PITY the wearied, sleep-deprived columnist attempting to find light and frothy subject matter as a general election week draws to a close. Talk about a fool's errand. Yet, here we are.
Mind you, if ever there was a lesson in stepping up your game, then it would be from the light-fingered guests who frequent luxury hotels.
Pilfering mini toiletries, disposable slippers and the occasional fluffy bathrobe are apparently small fry these days. According to a survey by hotel and spa guide Wellness Heaven, brazen guests are making off with everything including the bathroom sink (as happened in one German hotel).
A grand piano vanished from an Italian hotel, never to be seen again, while a guest was caught trying to steal a stuffed boar's head from a hotel in France. The man's friends later bought the hunting trophy and gave it to him as a wedding gift.
What I find most perplexing is that almost 50 hotels have reported mattresses being stolen. Now, you can understand someone who has had an amazing night's sleep would fancy replicating that when he or she got home.
But nicking the actual mattress? That's where logic fails me. How did they sneak it out? A mattress is not something you can hide in a suitcase.
Seared in my mind's eye is a programme I watched years ago about dirty hotel rooms. Stories about sheets not being changed or glasses left unwashed were troubling enough.
Then a black light – the type used for crime scenes on CSI-style TV dramas – was switched on. It revealed an unusual pattern of stains across the bedroom carpeting. Not to mention on the walls, the bedspread, chairs and a stool. The pattern turned out to be trails of urine.
READ MORE: Susan Swarbrick: Mansplaining, a Christmas party demise and hands off Palmerston
Next it was the turn of the mattress. This thing lit up like a Christmas tree. Or rather a splodge-and-splattered Jackson Pollock-esque interpretation of a Christmas tree. Where the paint was actually an eyewatering mishmash of bodily fluids. Hell no. I'll pass.
Fifty shades (and more)
SPEAKING of goings-on in the bedroom, the erotic novel Fifty Shades of Grey by EL James has been crowned bestselling book of the decade.
In fact, the trilogy penned by the author – charting the raunchy relationship between protagonist Anastasia Steele and billionaire tycoon Christian Grey – claimed the top three spots.
Fifty Shades of Grey, published in 2011, sold 4.73million copies, followed by Fifty Shades Darker with 3.37m and Fifty Shades Freed with 3.11m.
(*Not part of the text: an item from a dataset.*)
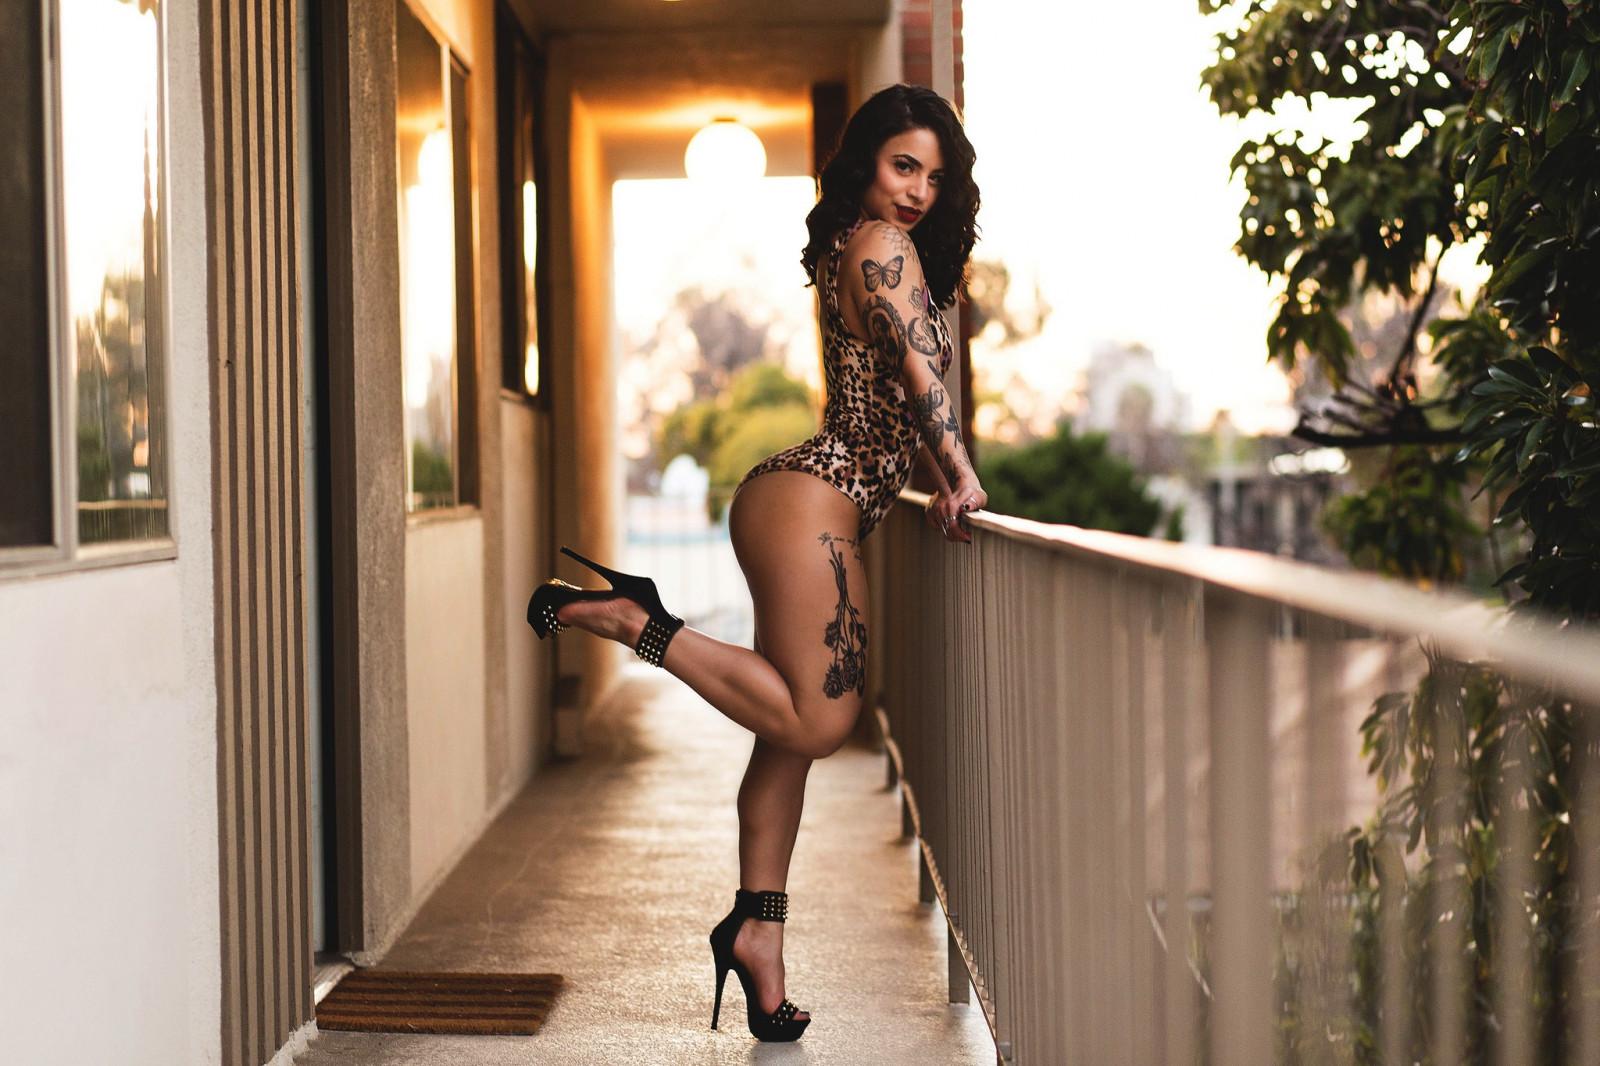 Фото девушек с сексуальной фигурой на высоких каблуках — pic 8

A spin-off novel, Grey, also made the list at number 18, selling 1.11m.
To be honest, I'm not sure EL James got her sums quite right. There are far more than 50 shades of grey. I can attest to this having, in recent weeks, spent an inordinate amount of time in the paint aisles of B&Q.
The innumerable hues come with fancy and confusing names such as vintage smoke, goose down and rock salt. Which is essentially dark grey, light grey and grubby white.
When the film adaptation of Fifty Shades of Grey was released in 2015, the DIY chain was said to be braced for an influx of customers seeking rope, cable ties and tape to emulate the on-screen action. It turned out that an alleged "leaked memo" was a PR stunt.
Rumblings of a Fifty Shades of Grey baby boom predicted by academics didn't come to pass either. Which is perhaps just as well as far as the ick factor is concerned.
Yet, grey has arguably been the colour of the decade. There are people who have decorated their entire homes in the shade (if you don't believe me, take a look at cleaning guru Mrs Hinch's Instagram page or any of the cast from The Only Way Is Essex).
It is a decade that has felt grey in other ways too. Here's hoping that the next one is brighter.
Paws for thought
THE pet portrait industry is booming. I know this because, as a dog owner, every second targeted ad I see online is urging me to commission one.
Forget a bog-standard framed snap of your pooch, moggy or beloved rodent sitting atop the mantelpiece. Now you can be the owner of an elaborate, large-scale portrait that looks like something Elton John might have hanging in his living room.
A recurring theme is the purported "Renaissance" masterpiece, with the animal dressed up as a king or queen. Sometimes a high-ranking soldier.
Other popular gimmicks include ruffs in the vein of Sir Francis Drake about to board the Golden Hind or a smoking jacket, pipe and cravat akin to Hugh Hefner slinking about the Playboy Mansion.
In recent days, a portrait depicting Labour leader Jeremy Corbyn's cat, El Gato, has gone on display at a Huddersfield gallery. Painted by artist Rob Martin, it shows the moggy wearing a Che Guevara hat with 16th-century clothing.
READ MORE: Susan Swarbrick: Mansplaining, a Christmas party demise and hands off Palmerston
As a nation of animal worshippers, we have lost our way. The ancient Egyptians will be spinning in their burial chambers.